**Task statement:** Without the pictures, set down everything in the listing exactly.

[Recorded data — start]

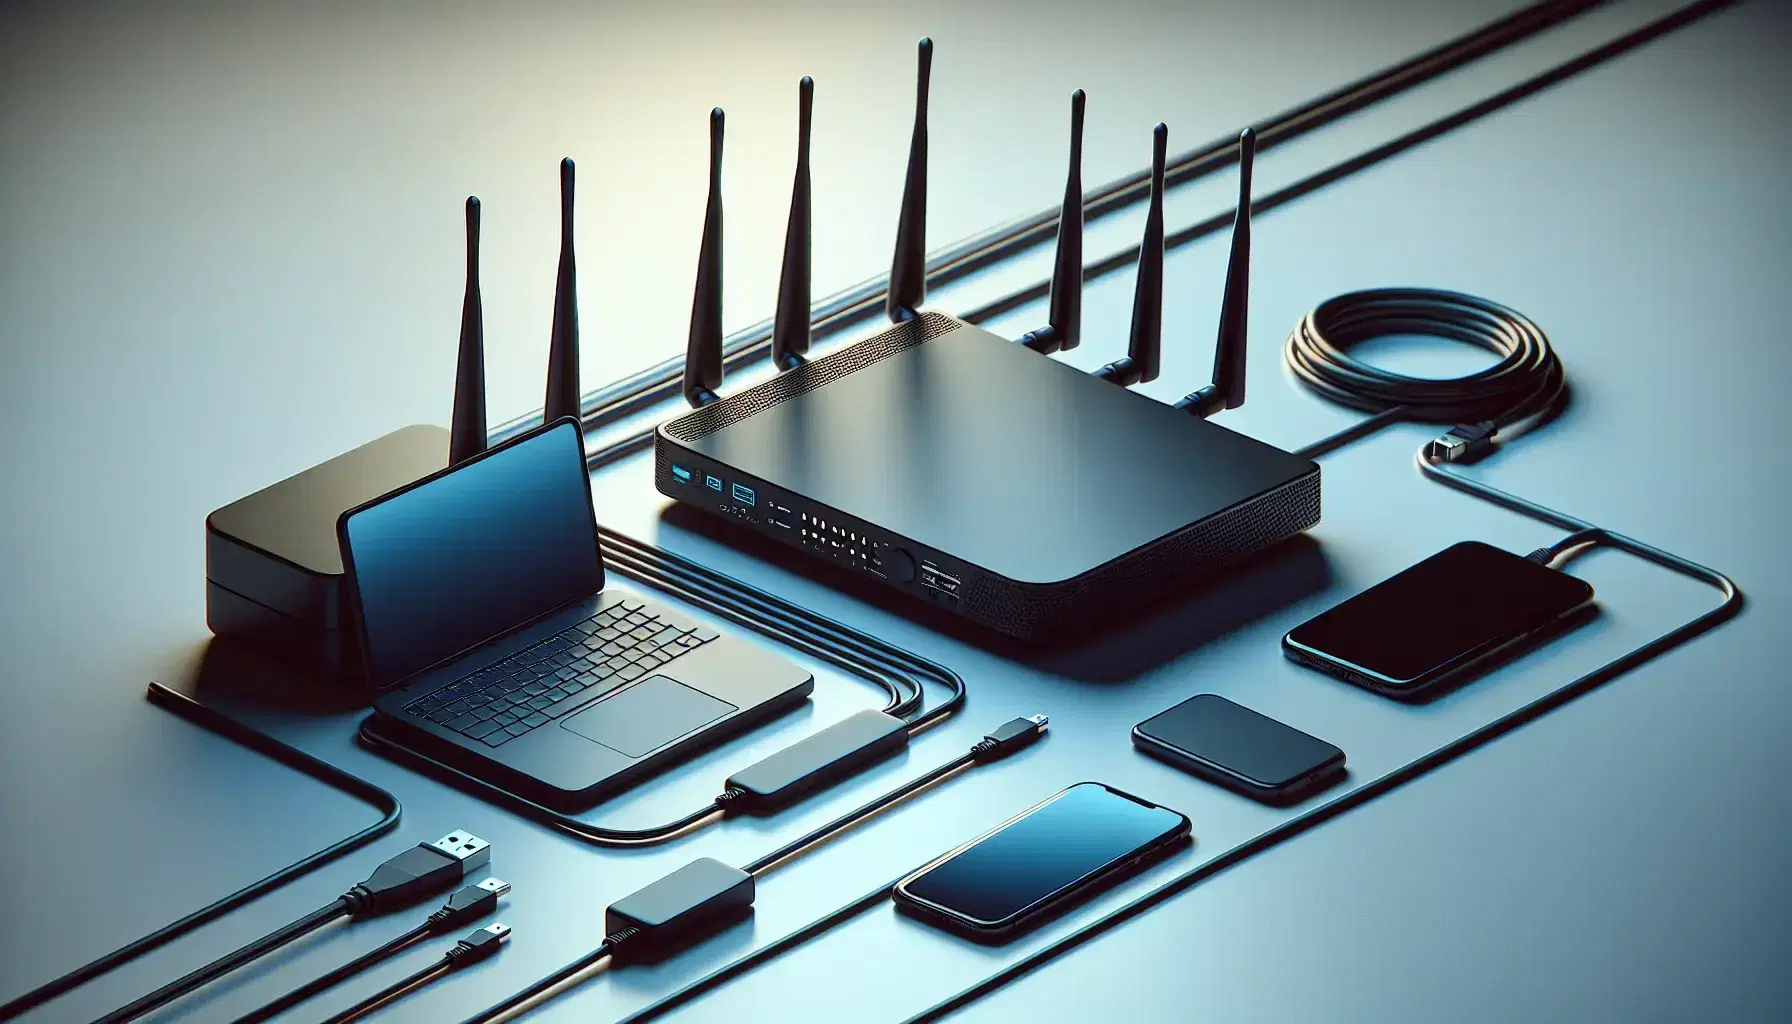 Router negro con antenas y dispositivos electrónicos, laptop abierto y smartphone encendido, sobre superficie clara con cables de colores entrecruzados.
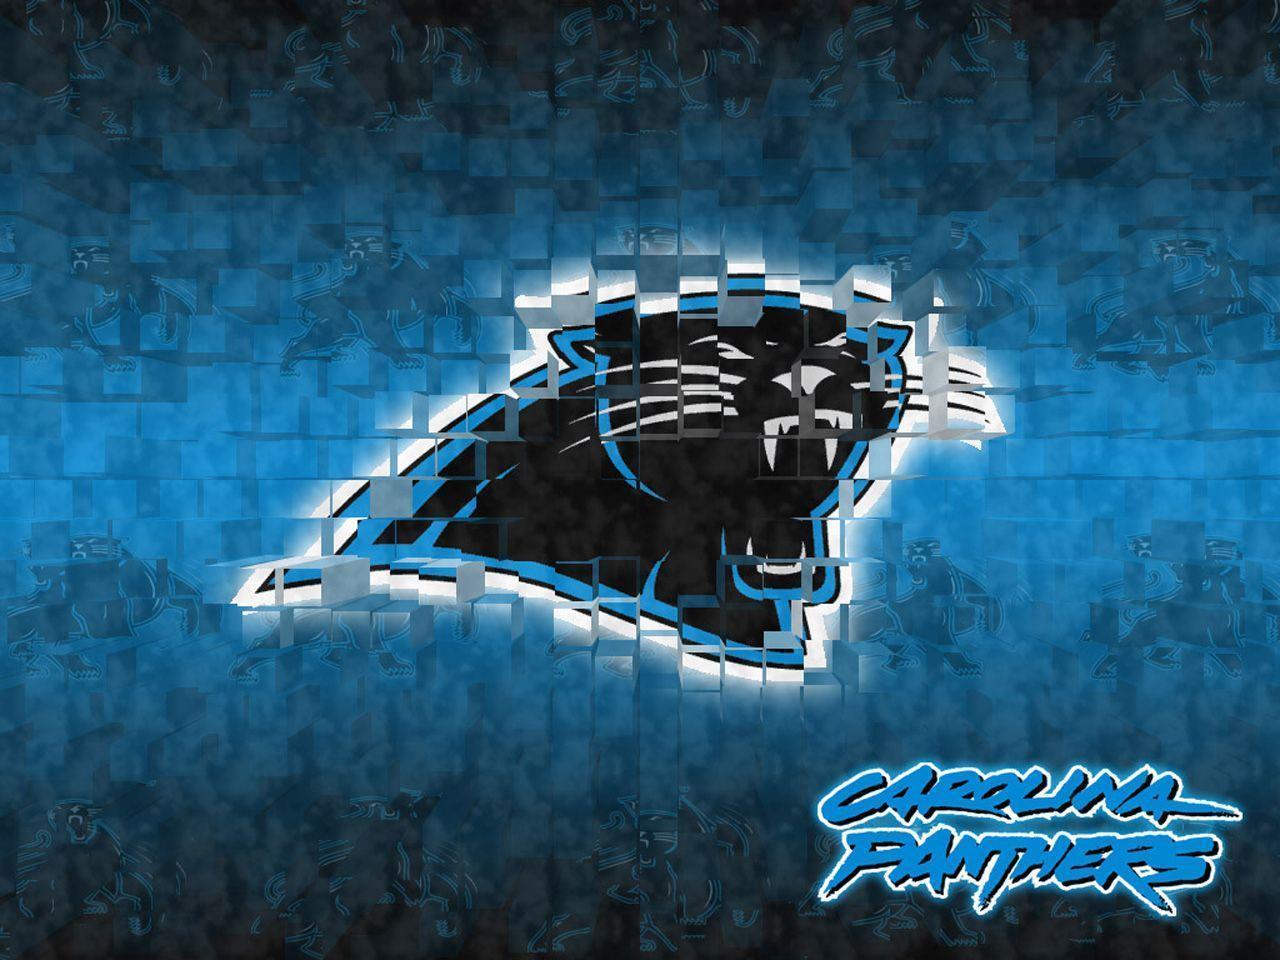 Carolina Panthers Wallpapers - Wallpaper Cave
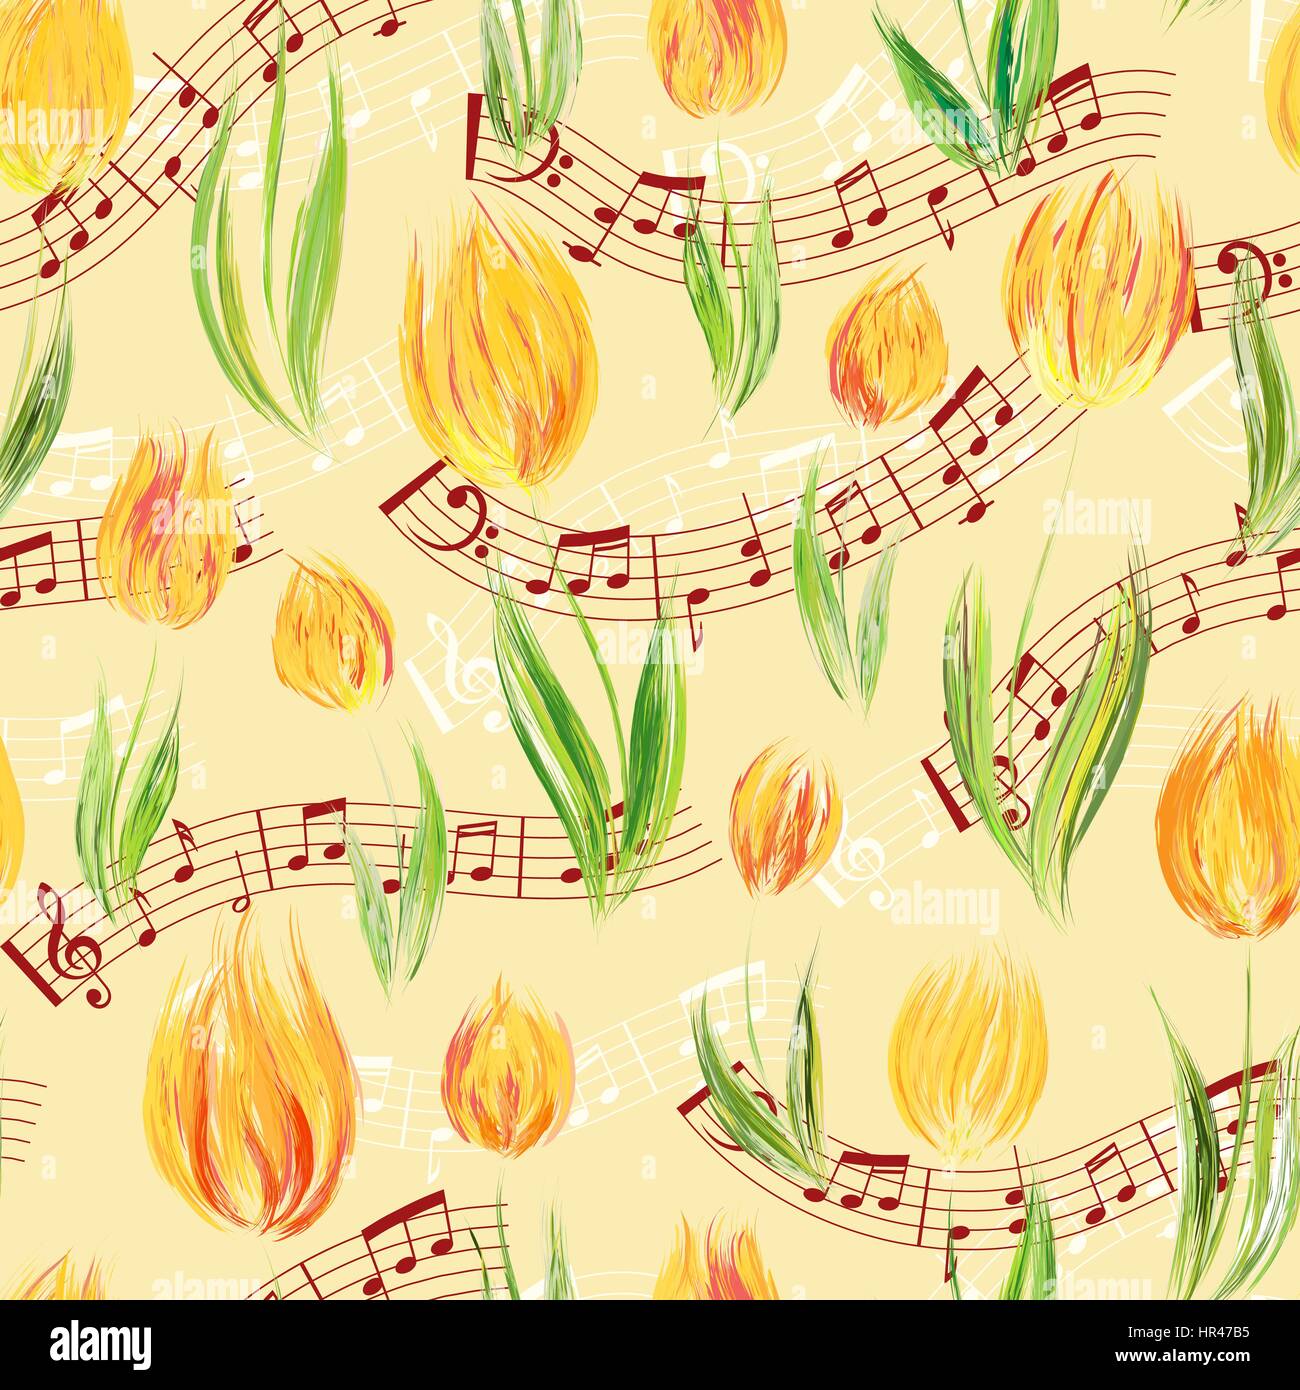 Motif transparent brillant avec de l'huile peint en jaune fleurs tulipes fin notes, éléments de conception. Motif floral pour les invitations de mariage, cartes de vœux, scra Illustration de Vecteur
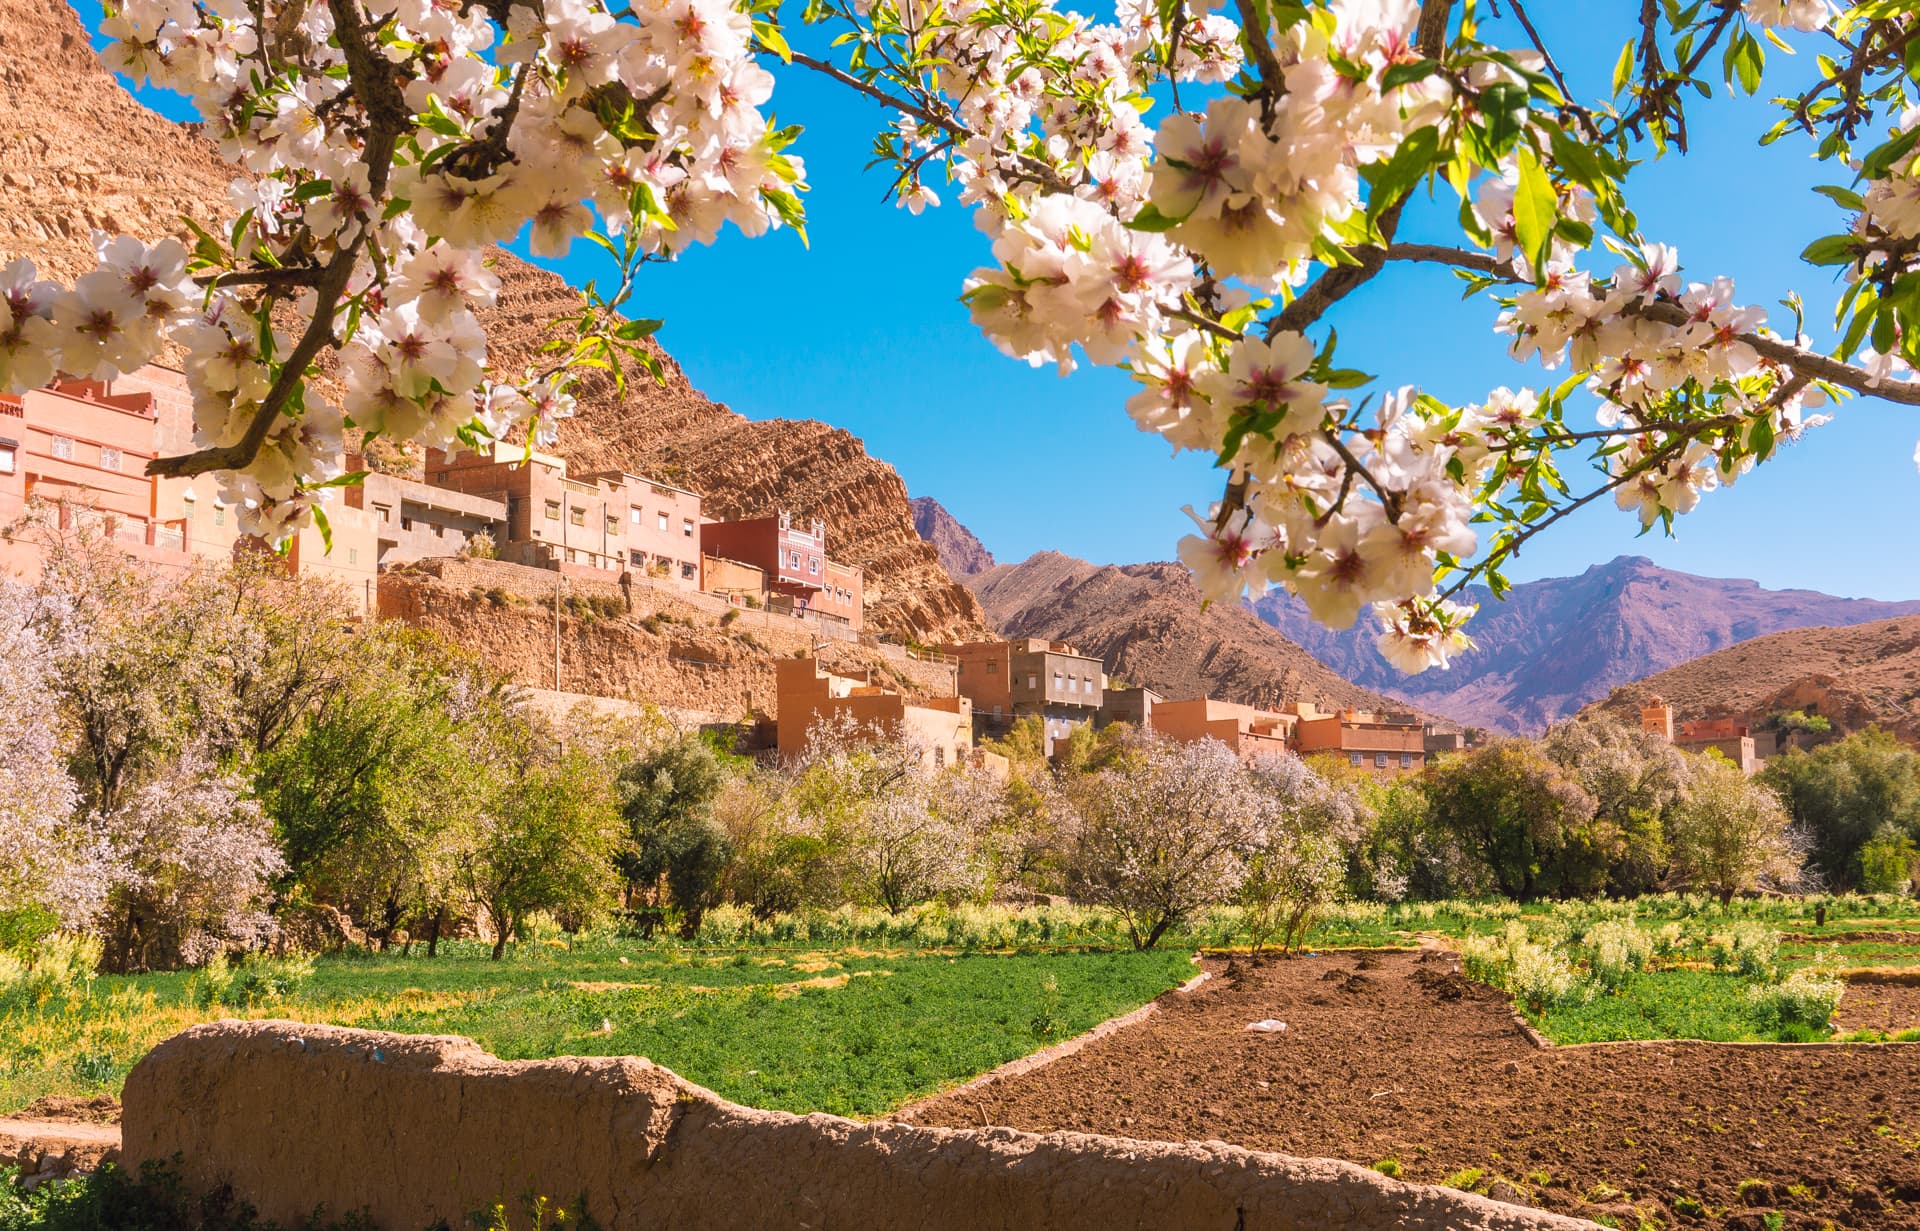 Wiosna w Maroko | Plan wyjazdu do Maroko

[Recorded data — finish]

**Response to this task:**
 Router negro con antenas y dispositivos electrónicos, laptop abierto y smartphone encendido, sobre superficie clara con cables de colores entrecruzados.
 Carolina Panthers Wallpapers - Wallpaper Cave
 Motif transparent brillant avec de l'huile peint en jaune fleurs tulipes fin notes, éléments de conception. Motif floral pour les invitations de mariage, cartes de vœux, scra Illustration de Vecteur
 Wiosna w Maroko | Plan wyjazdu do Maroko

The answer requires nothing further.